La guerra de los sexos es universal y conoce muy pocas variaciones. En Australia también hay mucha desconfianza, mucho recelo a la hora de emparejarse. El mundo -según a quien escuches, claro- está lleno de agresores lunáticos o de locas peligrosas. Las probabilidades de sacar un mal número en la lotería se ha centuplicado en los últimos tiempos. En Australia también son muchos los que ya han optado por la castidad laica o por la masturbación asistida por los chips. No es mal negocio. Lo que pierdes en piel lo ganas en tranquilidad. Un polvo ya no compensa los mil peligros que acechan por ahí. Nueve de cada diez ofertas que reciben las mujeres son de salidos requemados; nueve de cada diez ofertas que recibimos los hombres son de prostitutas más o menos encriptadas. Un amor verdadero se ha vuelto tan raro como un trébol de cuatro hojas. Un prodigio de la naturaleza. Una mutación en el ADN de la vieja normalidad. Es una probabilidad ente 10.000, según dicen las enciclopedias. 

Y ya no te digo nada si el amor tiene que brotar entre un hombre y una mujer separados por una generación y mil películas no compartidas. Entonces el trébol metafórico ya no es de cuatro hojas, sino de siete, o de noventa y seis. Son azares que ya casi pertenecen a la ficción, o a la ciencia-ficción. A las comedias románticas como "Colin de cuentas ".

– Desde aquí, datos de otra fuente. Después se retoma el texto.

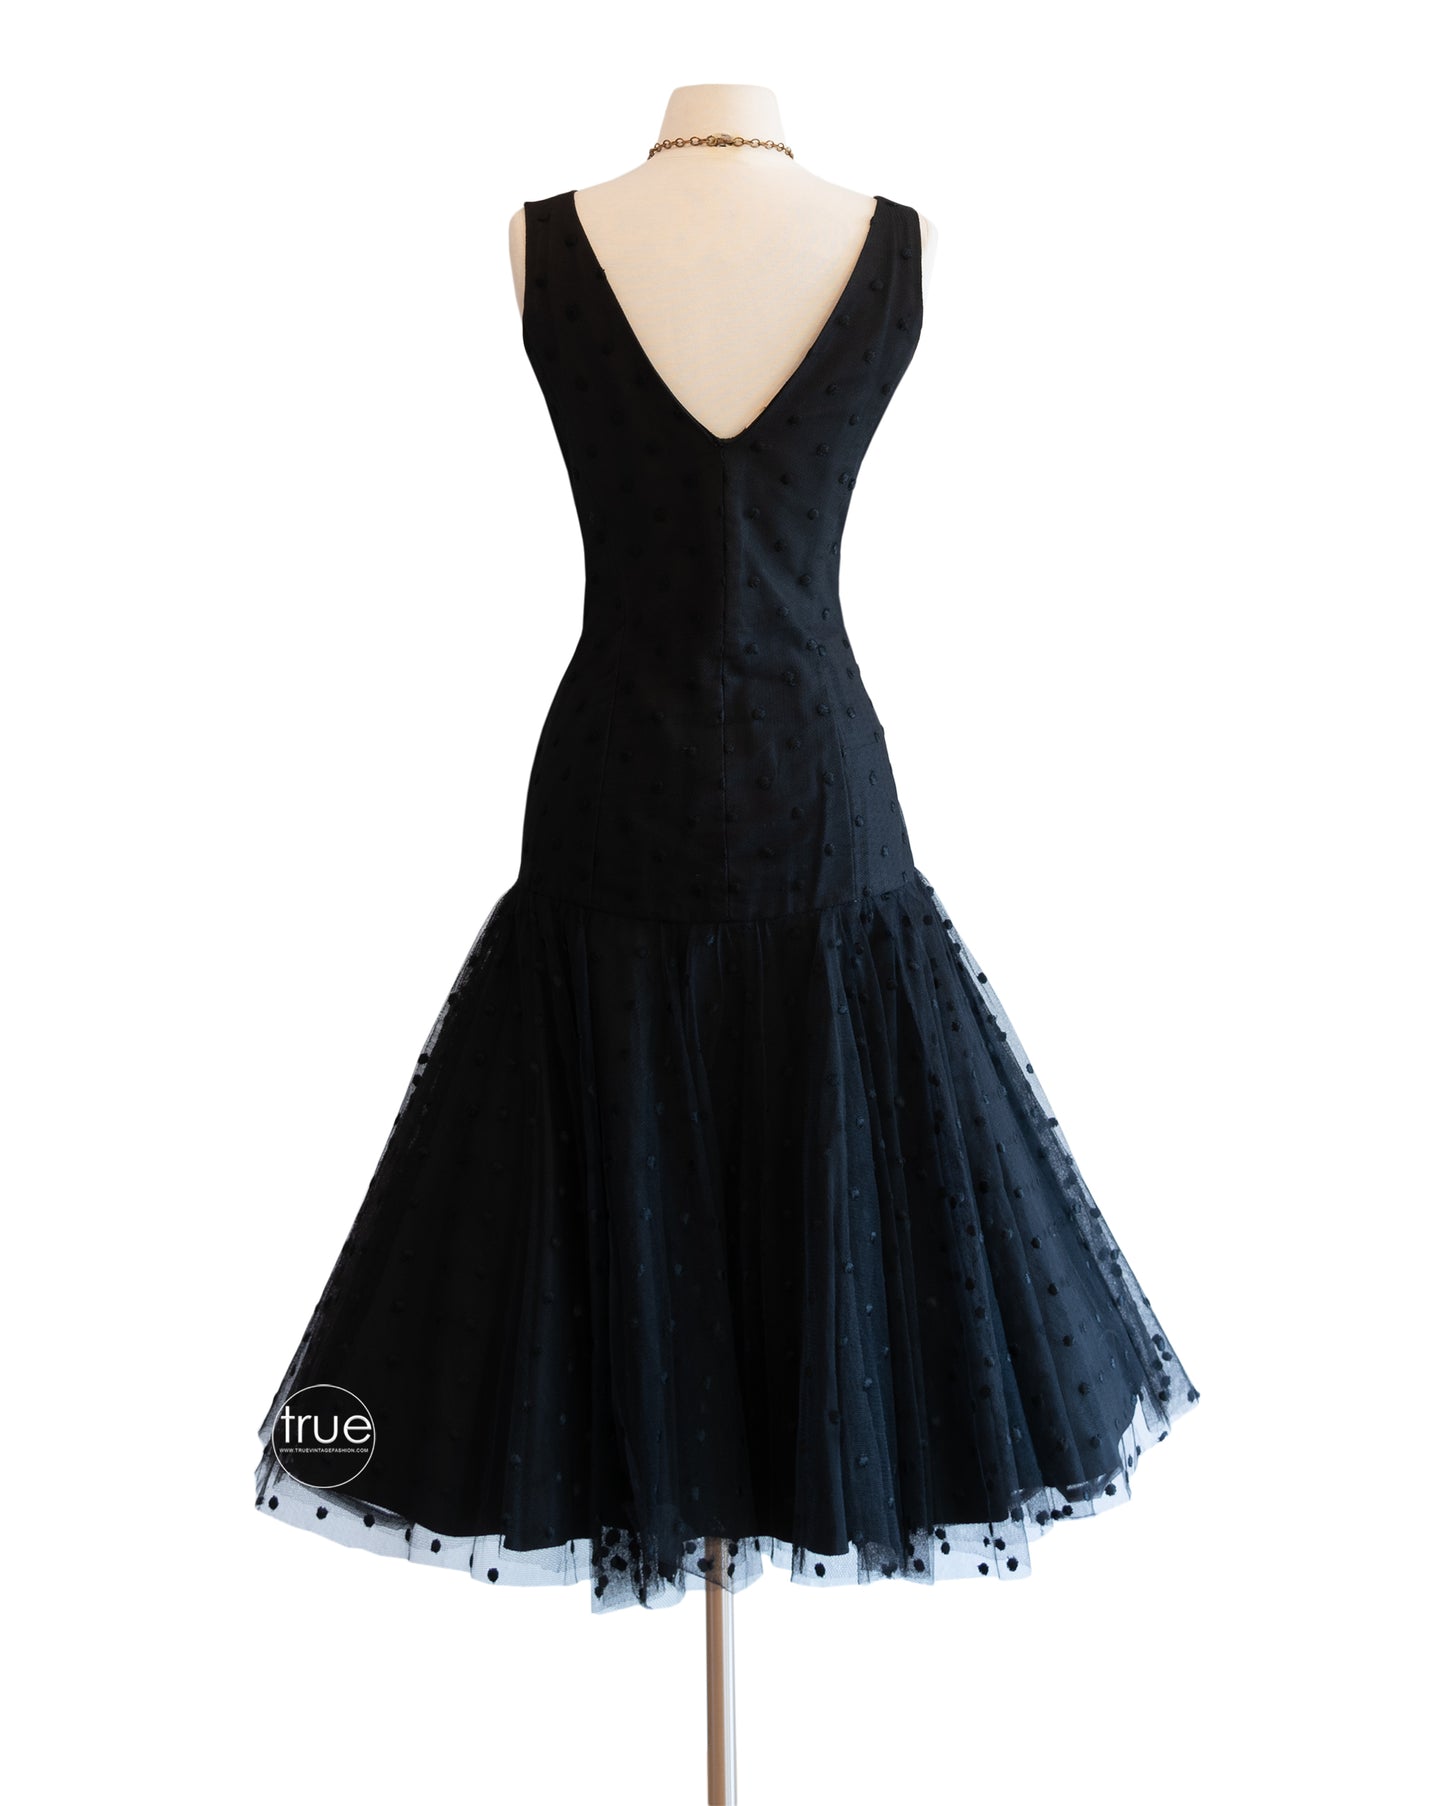 vintage 1950's dress ...fabulous EMMA DOMB black polka dot tulle CHA CHA dress
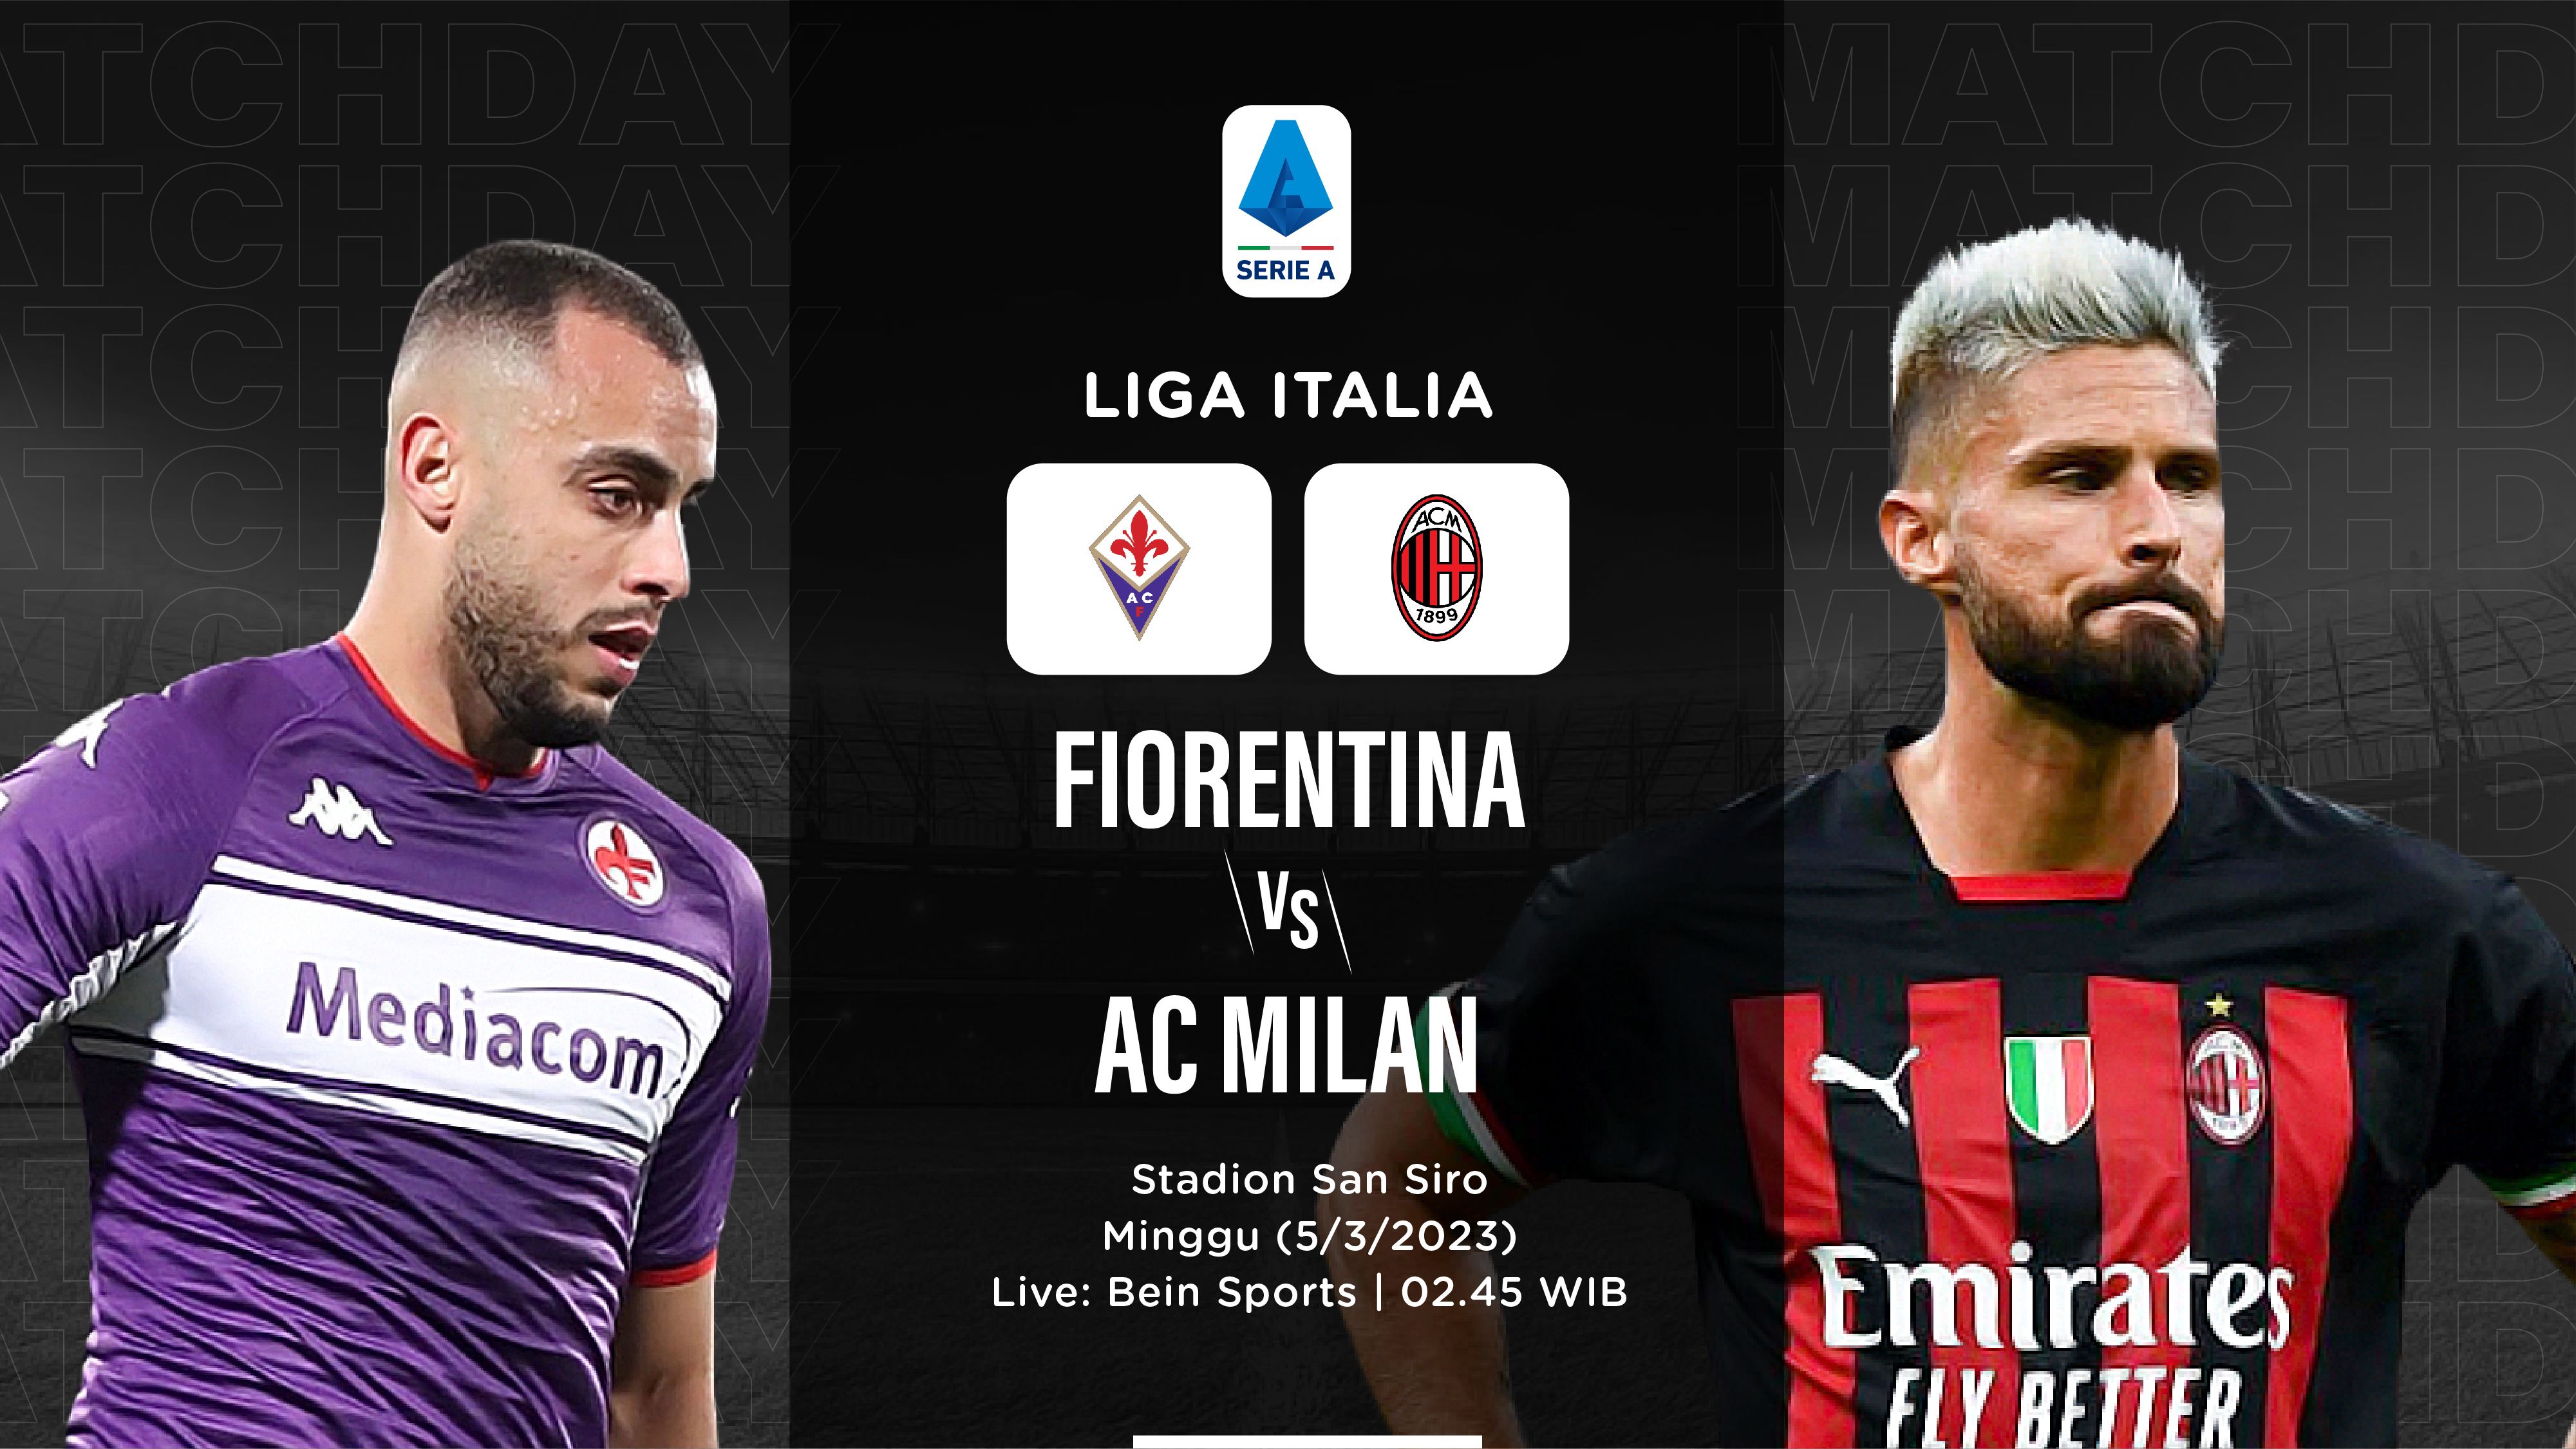 Cover pertandingan Fiorentina vs AC Milan di Liga Italia 2022-2023 (Hendy/Skor.id)

Cuando Ashley -la chica de treinta años - le pregunta a Gordon -el cuarentón interesante- quién coño son esos Harry y Sally que siempre discuten sobre la amistad entre hombres y mujeres, yo mismo recordé que cuando era usuario de las redes del amor colocaba un margen de esperanza de diez años para abajo, cegado por el orgullo y engañado por Hollywood. Nunca respondió nadie, claro.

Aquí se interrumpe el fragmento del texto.